Zero2Cool
14 years ago
As we approach the end of another month - I want to thank all of you for your educational e-mails over the past year. I am totally screwed up now and have little chance of recovery.

I no longer open a bathroom door without using a paper towel, or have the waitress put lemon slices in my ice water without worrying about the bacteria on the lemon peel.

I cant use the remote in a hotel room because I dont know what the last person was doing while flipping through the adult movie channels.

I cant sit down on the hotel bedspread because I can only imagine what has happened on it since it was last washed..hmmmm

I have trouble shaking hands with someone who has been driving because the number one pastime while driving alone is picking ones nose.

Eating a little snack sends me on a guilt trip because I can only imagine how many gallons of trans fats I have consumed over the years.

I cant touch any womans purse for fear she has placed it on the floor of a public bathroom.
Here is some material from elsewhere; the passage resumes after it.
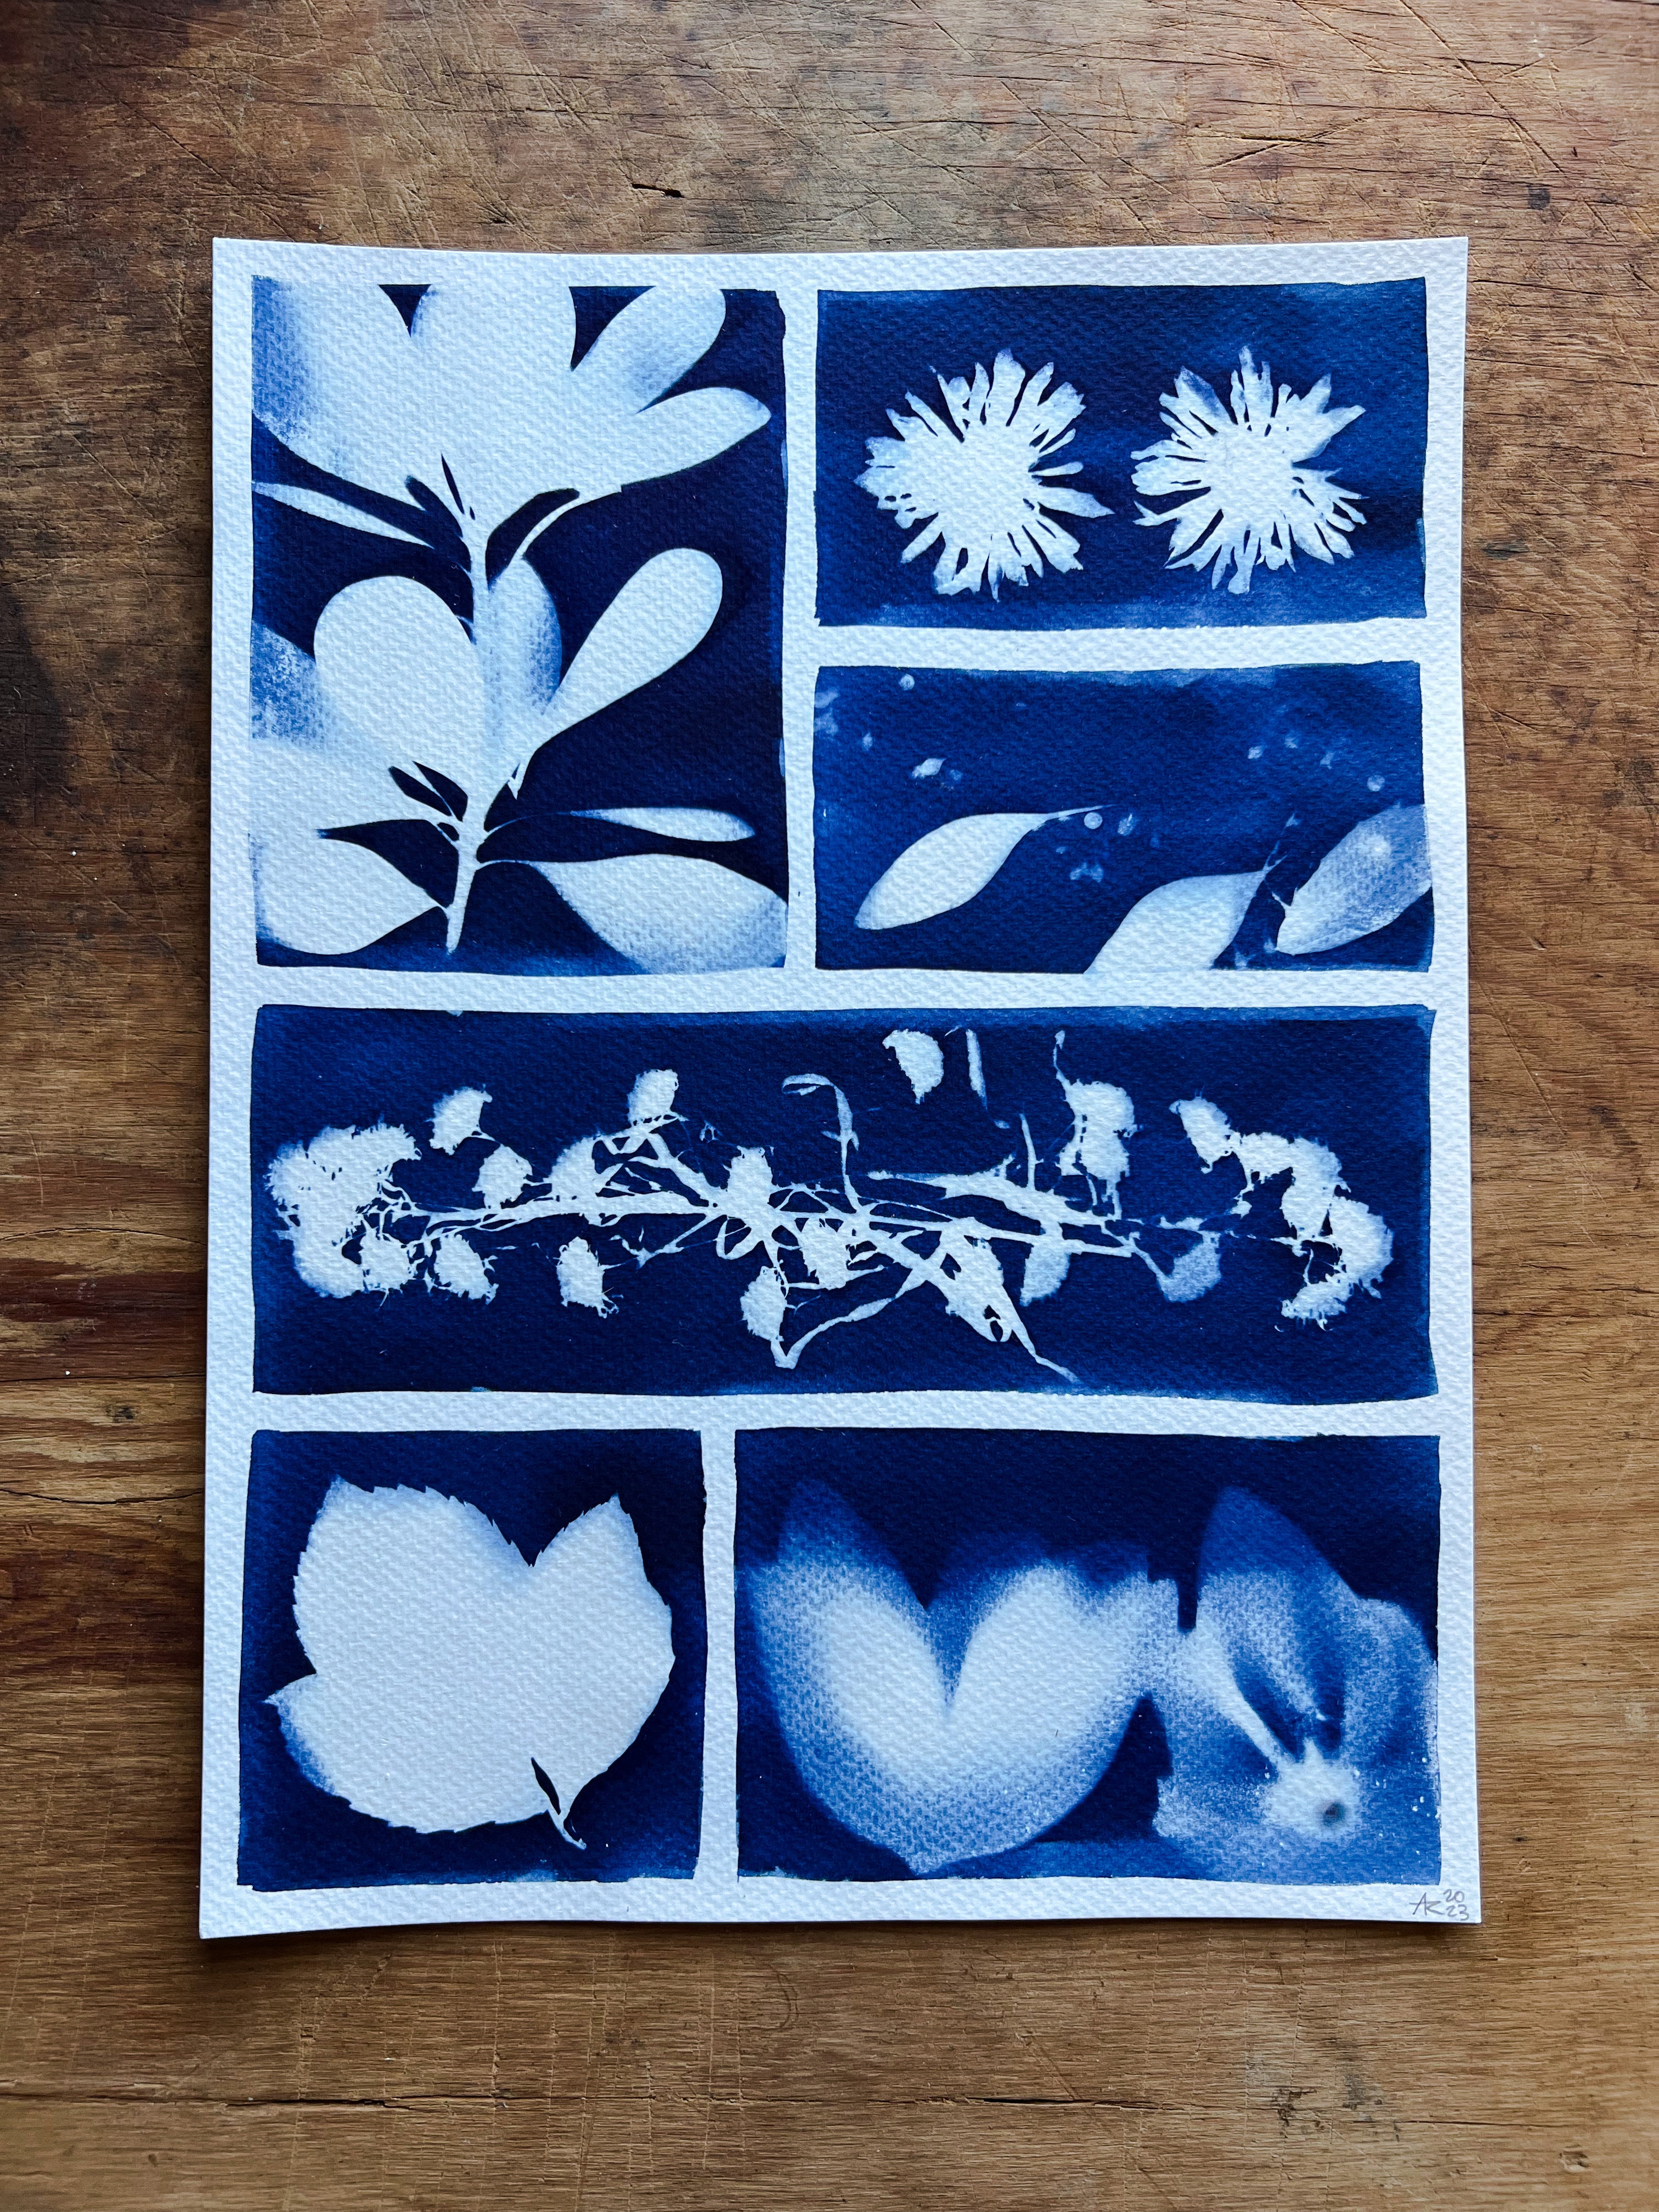 DIY Deluxe large letter/A4 size Cyanotype kit, rainbow print, blue b –  elemental_leaf
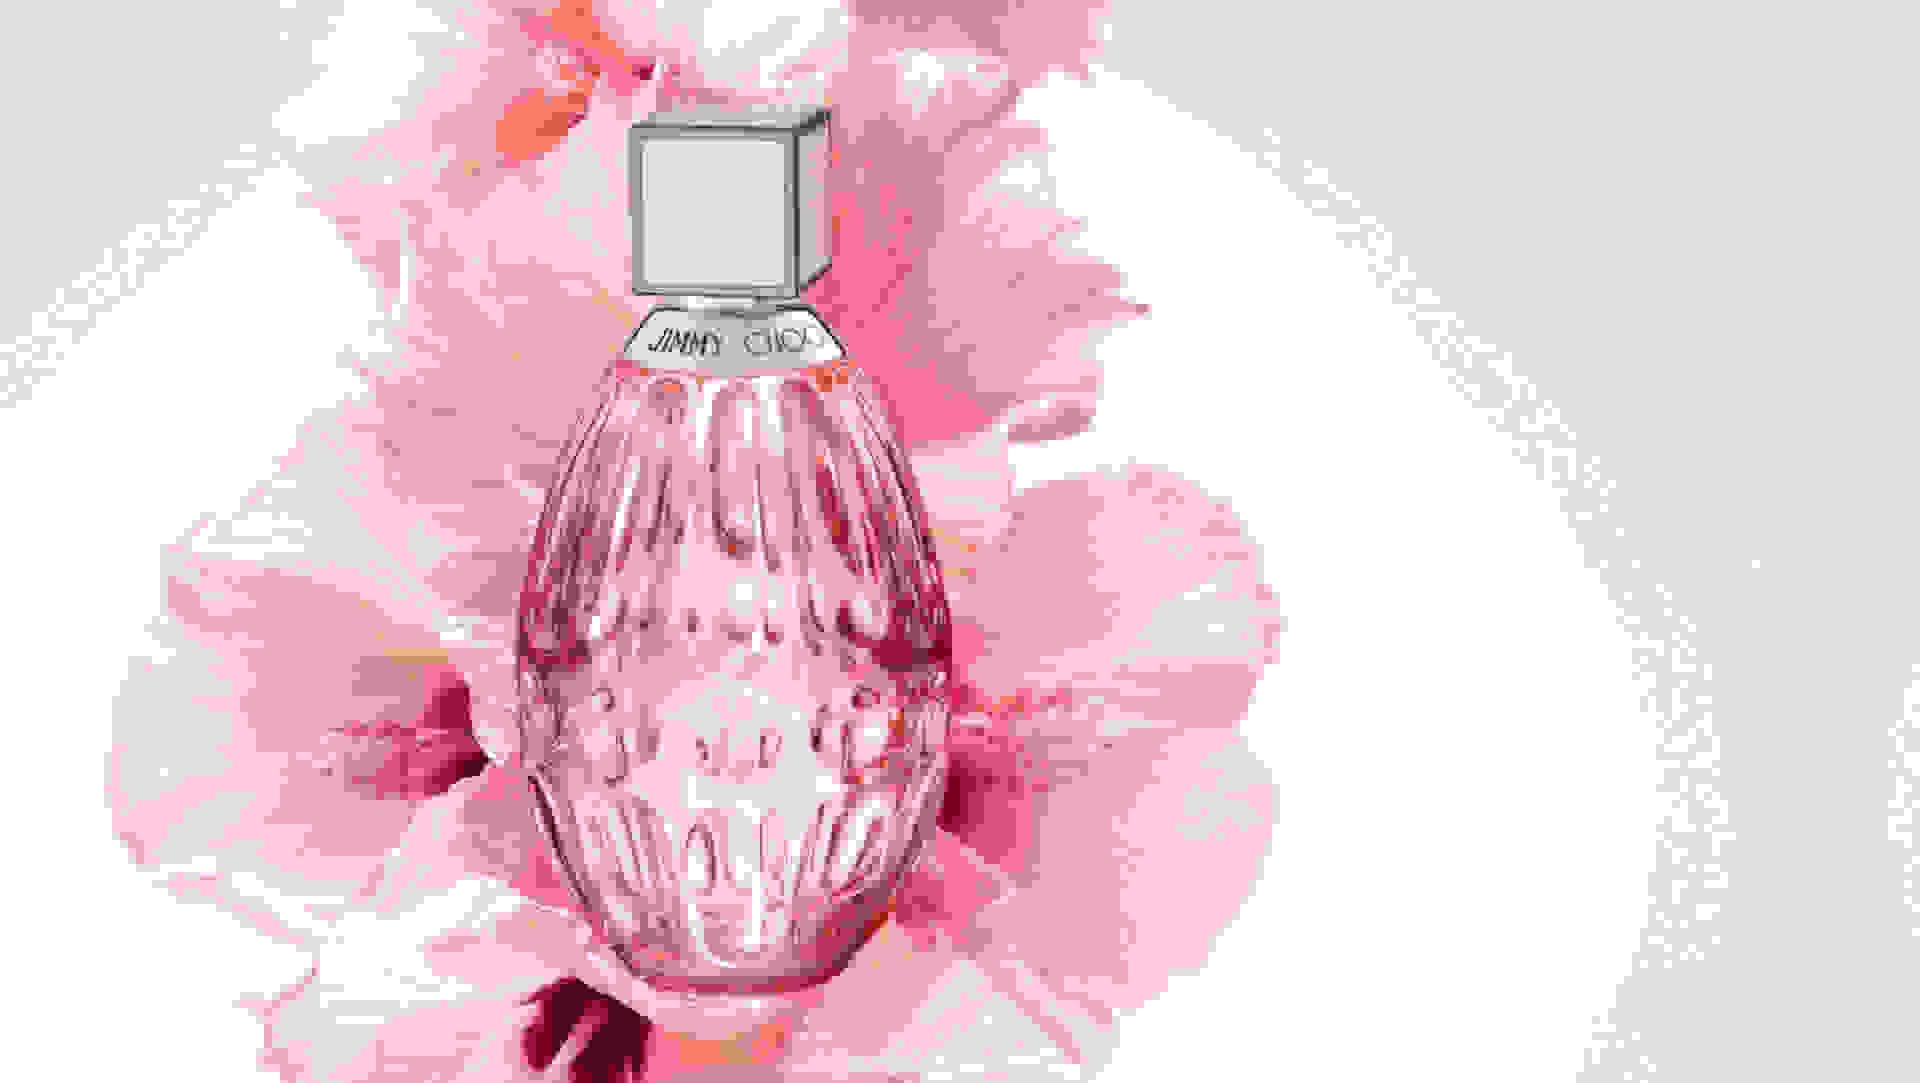 Jimmy Choo: L'EAU fragrance

I MUST ALSO SEND MY SPECIAL THANKS to whoever sent me the one about rat crap in the glue on envelopes because I now have to use a wet sponge with every envelope that needs sealing.

ALSO, now I have to scrub the top of every can I open for the same reason.

I no longer have any savings because I gave it to a sick girl (Penny Brown) who is about to die for the 1,387,258th time.

I no longer have any money, but that will change once I receive the $15,000 that Bill Gates/Microsoft and AOL are sending me for participating in their special e-mail program.

I no longer worry about my soul because I have 363,214 angels looking out for me, and St. Theresas Novena has granted my every wish.

I cant have a drink in a bar because Ill wake up in a bathtub full of ice with my kidneys gone.

I cant eat at KFC because their chickens are actually horrible mutant freaks with no eyes, feet or feathers.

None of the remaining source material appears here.